Il convegno arriva al termine di una fase sostanziale del Programma RN2000 in cui una importante attività conoscitiva è stata svolta sul campo da un gruppo multidisciplinare di 150 esperti, coordinati da una cabina di regia costituita da 15 enti di ricerca. Il lavoro di studio, durato quattro anni, è stato voluto dalla Regione Basilicata per individuare misure di tutela e conservazione o applicare piani di gestione veri e propri nei siti maggiormente interessati da minacce come le aree costiere, soggetti ad erosione. Con i suoi 50 siti di interesse comunitari (Sic) e le 17 zone di protezione speciale (Zps) la Regione vanta un ambito territoriale pari al 17 per cento dell’intero territorio regionale.
Tra i dati, emerge che in Basilicata si rinvengono ben 61 habitat di interesse comunitario di cui 12 sono prioritari, particolarmente importanti dal punto di vista naturalistico e conservazionistico.
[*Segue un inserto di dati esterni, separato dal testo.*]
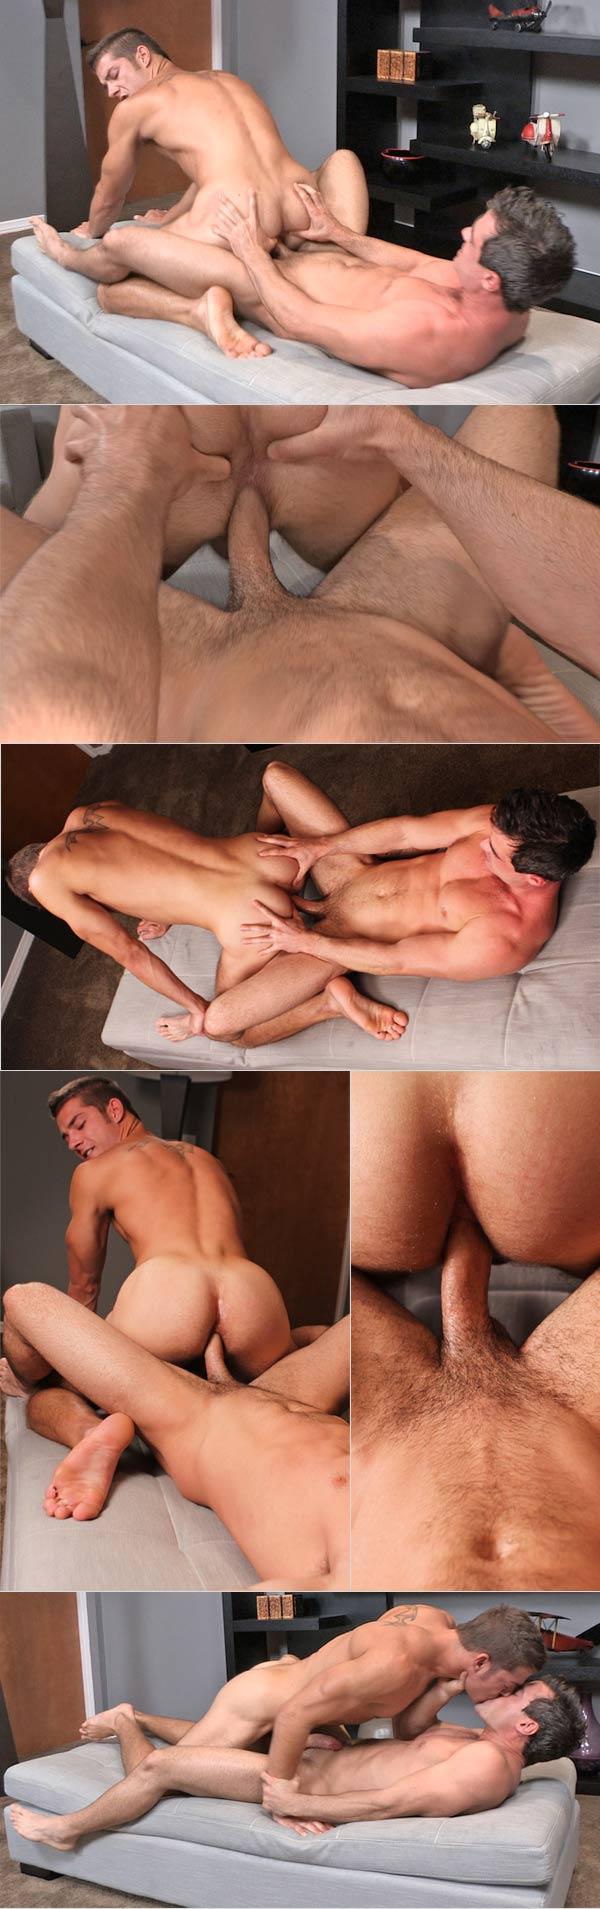 Aidan & Daniel (Bareback) at SeanCody

Tali ambienti di pregio sono presenti a partire dalla fascia costiera, con l’habitat «Praterie marine di Posidonia» (Sic Costa Tirrenica) fino alla fascia montana con l’habitat «Faggeti degli Appennini con Taxus ed Ilex».
Tra le specie Prioritarie dell’Allegato II della Direttiva Habitat presenti in regione, emerge Canis lupus, specie in ripresa nell’Appennino meridionale ed in particolare nei Sic del Pollino e della Val d’Agri; lungo la costa Jonica è presente Caretta caretta, la tartaruga marina, mentre particolare rilievo è da tributare ad Austropotamobius pallipes, un gambero d’acqua dolce, in Italia in forte rarefazione ma in Basilicata inserito in diversi habitat fluviali, caratterizzati da acque ricche di ossigeno e, tra i siti, nel Sic «Lago Pantano di Pignola». Unica specie vegetale prioritaria è Stipa austroitalica, tipica di praterie xeriche e presente sul territorio lucano in 8 Sic.
Dal raffronto con la situazione a scala europea, risulta che lo stato di conservazione dell’ambiente lucano non è in forte pericolo: la condizione peggiore è quella degli habitat dunali, in stato «non favorevole» per oltre il 60 per cento dei casi mentre il miglior assetto ambientale è da attribuirsi alle praterie, seguite dalle formazioni igrofile.
Attualmente, su 21 siti comunitari sono state adottate misure di tutela e conservazione generali e sito-specifiche, mentre sono stati redatti 8 piani di gestione per 27 siti. Per due siti di recente istituzione, ossia Valle del Tuorno-Bosco Luceto e Lago del Rendina, sono in corso di stesura le misure sito-specifiche.
Durante la tre giorni saranno premiati i vincitori dei tre concorsi (Raccontare rete natura 2000, Fotografare Rete Natura 2000 e Percorrere Rete Natura 2000) ideati per promuovere, valorizzare e diffondere la conoscenza di Rete Natura 2000 Basilicata. La giornata conclusiva sarà dedicata alle scuole, protagoniste del concorso «Raccontare Rete Natura 2000», incentivando i ragazzi, attraverso la partecipazione, ad un senso di responsabilità nei confronti delle risorse naturali e della cultura del proprio territorio.
Il programma del convegno è consultabile on line così da avere un quadro delle attività e degli interventi che susseguiranno durante la tre giorni.